Some standard error codes are below:
`M_NOT_FOUND`
The resource requested could not be located.
`M_MISSING_PARAMS`
The request was missing one or more parameters.
`M_INVALID_PARAM`
The request contained one or more invalid parameters.
`M_SESSION_NOT_VALIDATED`
The session has not been validated.
`M_NO_VALID_SESSION`
A session could not be located for the given parameters.
`M_SESSION_EXPIRED`
The session has expired and must be renewed.
`M_INVALID_EMAIL`
The email address provided was not valid.
`M_EMAIL_SEND_ERROR`
There was an error sending an email. Typically seen when attempting to
verify ownership of a given email address.
`M_INVALID_ADDRESS`
The provided third party address was not valid.
`M_SEND_ERROR`
There was an error sending a notification. Typically seen when
attempting to verify ownership of a given third party address.
`M_UNRECOGNIZED`
The request contained an unrecognised value, such as an unknown token or
medium.
`M_THREEPID_IN_USE`
The third party identifier is already in use by another user. Typically
this error will have an additional `mxid` property to indicate who owns
the third party identifier.
`M_UNKNOWN`
An unknown error has occurred.
{{% http-api spec="identity" api="versions" %}}
## Privacy
Identity is a privacy-sensitive issue. While the identity server exists
to provide identity information, access should be restricted to avoid
leaking potentially sensitive data. In particular, being able to
construct large-scale connections between identities should be avoided.
To this end, in general APIs should allow a 3PID to be mapped to a
Matrix user identity, but not in the other direction (i.e. one should
not be able to get all 3PIDs associated with a Matrix user ID, or get
all 3PIDs associated with a 3PID).
## Web browser clients
It is realistic to expect that some clients will be written to be run
within a web browser or similar environment. In these cases, the
identity server should respond to pre-flight requests and supply
Cross-Origin Resource Sharing (CORS) headers on all requests.
When a client approaches the server with a pre-flight (OPTIONS) request,
the server should respond with the CORS headers for that route.

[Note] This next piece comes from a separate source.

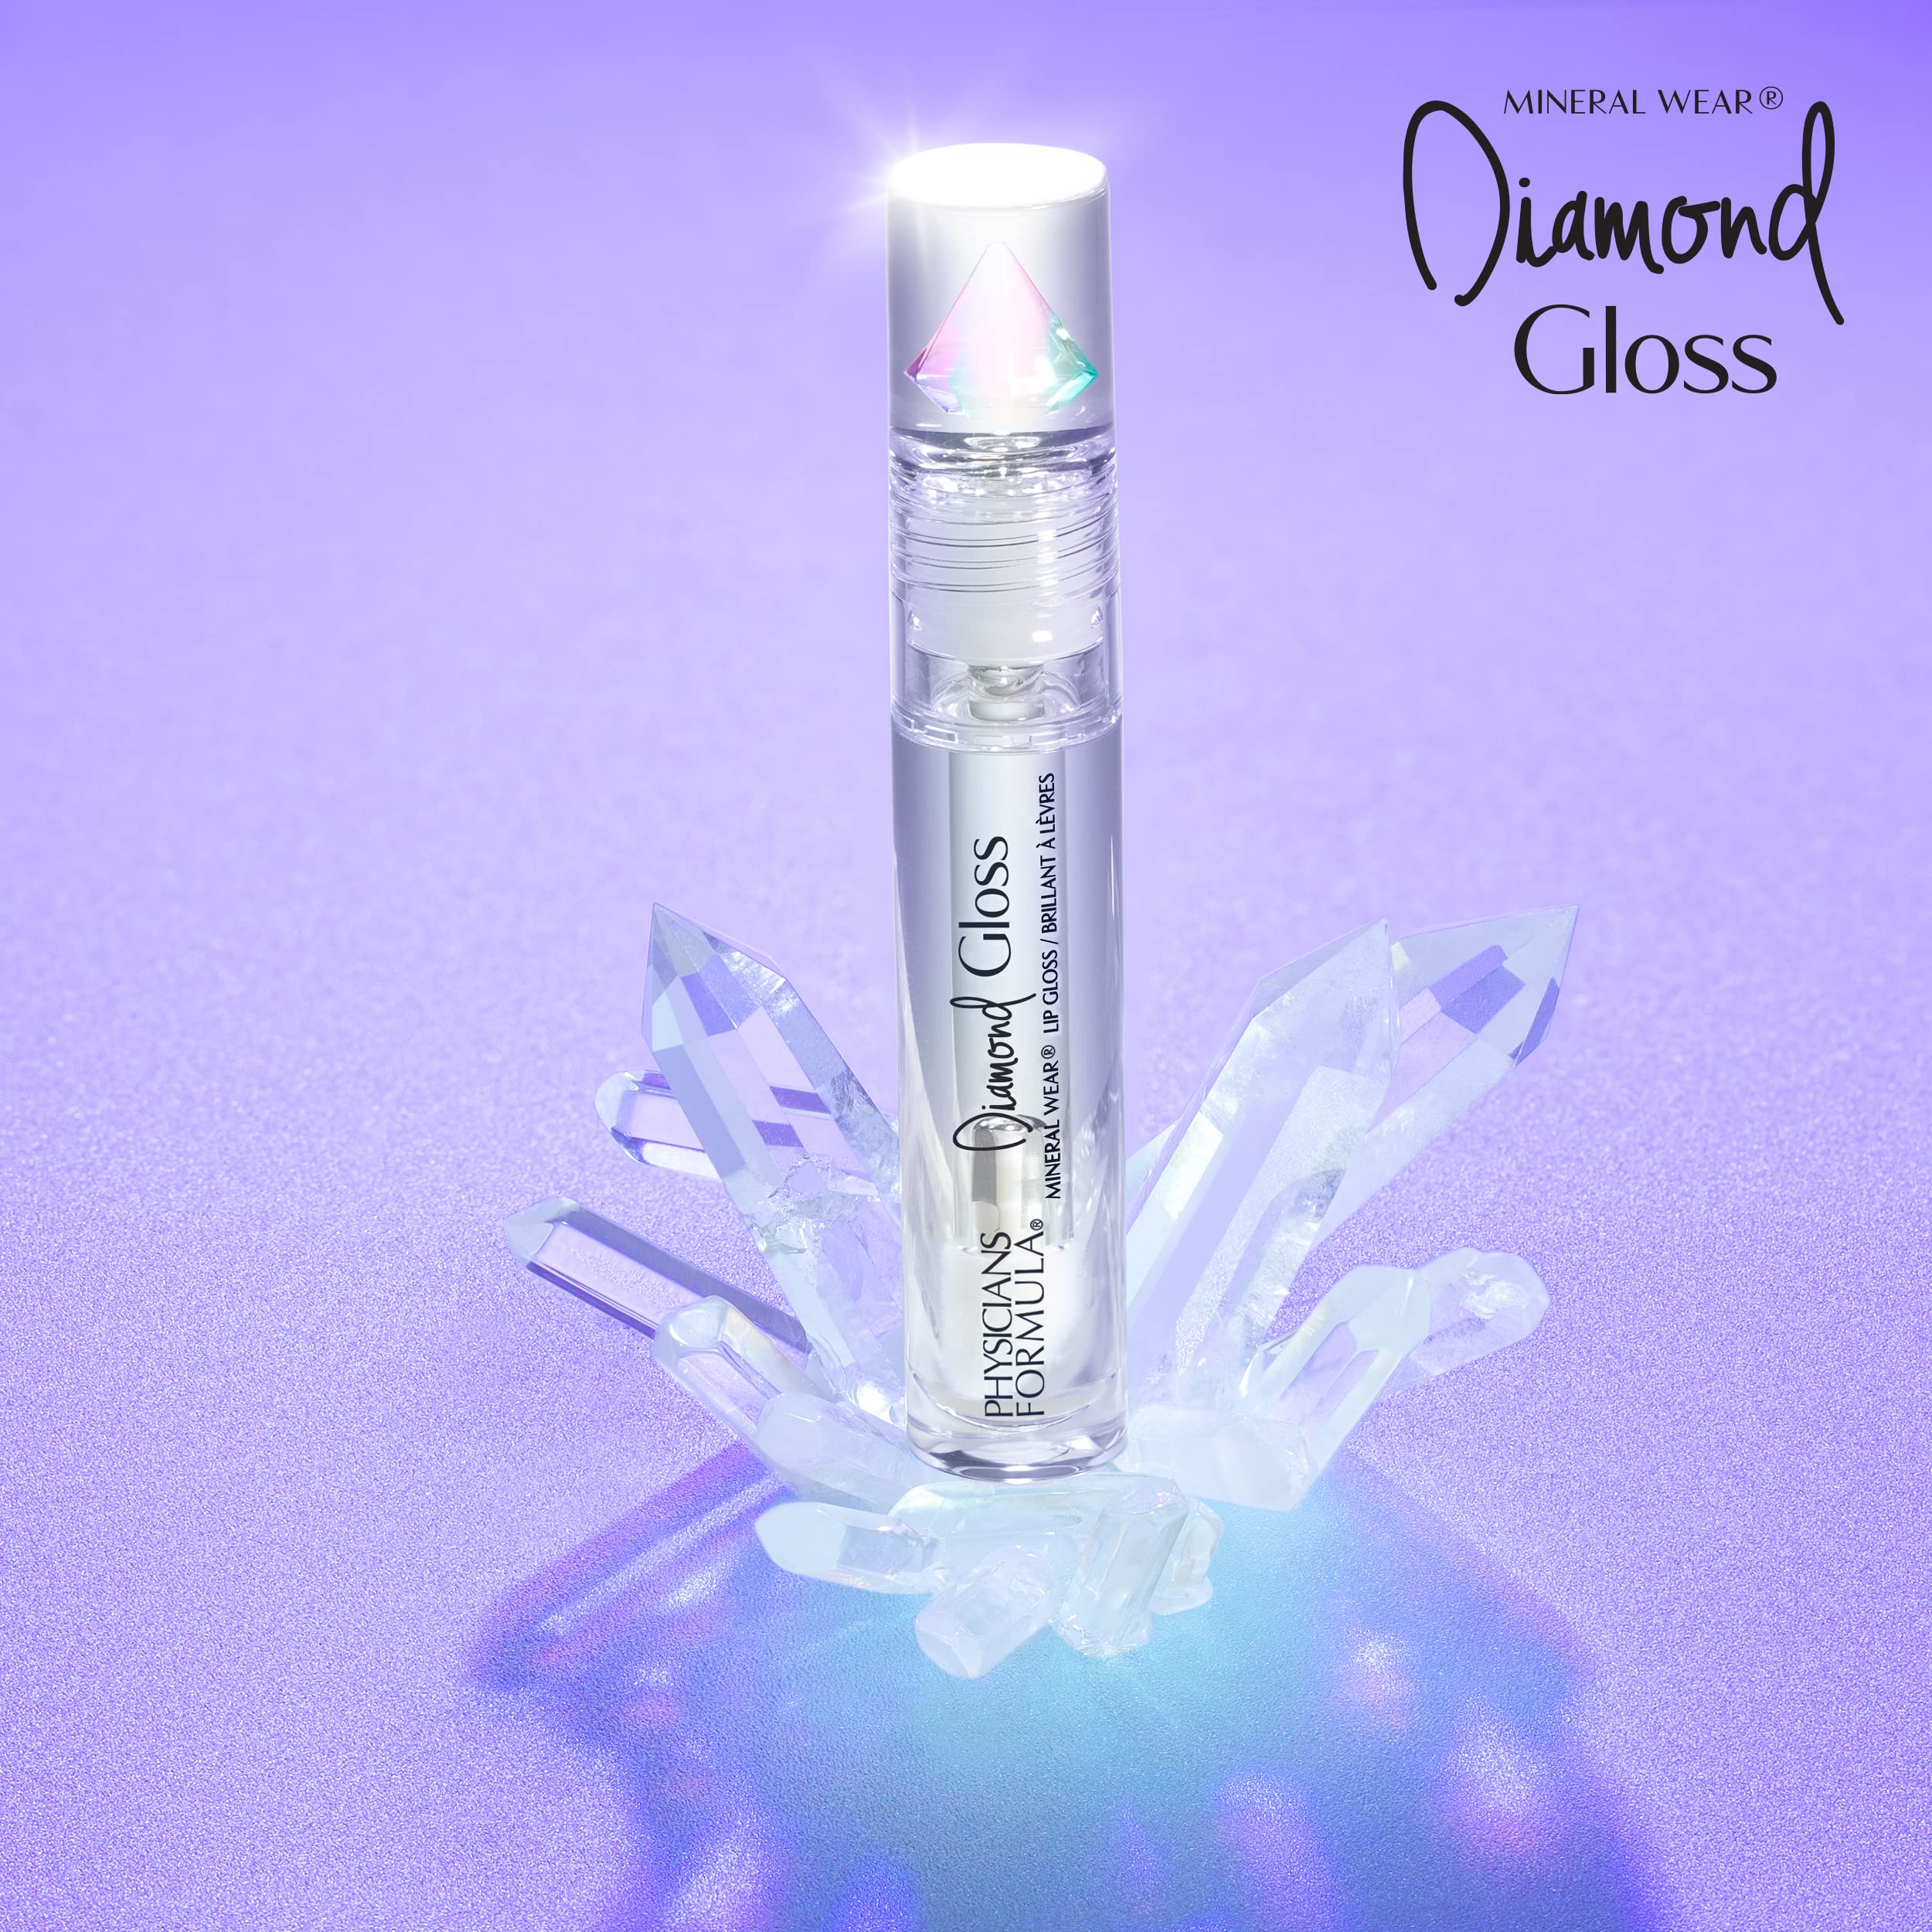 Physicians Formula Mineral Wear® Diamond Gloss Crystal Clear

The
recommended CORS headers to be returned by servers on all requests are:
Access-Control-Allow-Origin: *
Access-Control-Allow-Methods: GET, POST, PUT, DELETE, OPTIONS
Access-Control-Allow-Headers: Origin, X-Requested-With, Content-Type, Accept, Authorization
## Authentication
Most endpoints in the Identity Service API require authentication
in order to ensure that the requesting user has accepted all relevant
policies and is otherwise permitted to make the request.
Identity Servers use a scheme similar to the Client-Server API's concept
of access tokens to authenticate users. The access tokens provided by an
Identity Server cannot be used to authenticate Client-Server API
requests.
An access token is provided to an endpoint in one of two ways:
1. Via a query string parameter, `access_token=TheTokenHere`.
2. Via a request header, `Authorization: Bearer TheTokenHere`.
Clients are encouraged to the use the `Authorization` header where
possible to prevent the access token being leaked in access/HTTP logs.
The query string should only be used in cases where the `Authorization`
header is inaccessible for the client.
When credentials are required but missing or invalid, the HTTP call will
return with a status of 401 and the error code `M_UNAUTHORIZED`.
{{% http-api spec="identity" api="v2_auth" %}}
## Terms of service
Identity Servers are encouraged to have terms of service (or similar
policies) to ensure that users have agreed to their data being processed
by the server. To facilitate this, an identity server can respond to
almost any authenticated API endpoint with an HTTP 403 and the error
code `M_TERMS_NOT_SIGNED`. The error code is used to indicate that the
user must accept new terms of service before being able to continue.
All endpoints which support authentication can return the
`M_TERMS_NOT_SIGNED` error. When clients receive the error, they are
expected to make a call to `GET /terms` to find out what terms the
server offers. The client compares this to the `m.accepted_terms`
account data for the user (described later) and presents the user with
option to accept the still-missing terms of service. After the user has
made their selection, if applicable, the client sends a request to
`POST /terms` to indicate the user's acceptance. The server cannot
expect that the client will send acceptance for all pending terms, and
the client should not expect that the server will not respond with
another `M_TERMS_NOT_SIGNED` on their next request. The terms the user
has just accepted are appended to `m.accepted_terms`.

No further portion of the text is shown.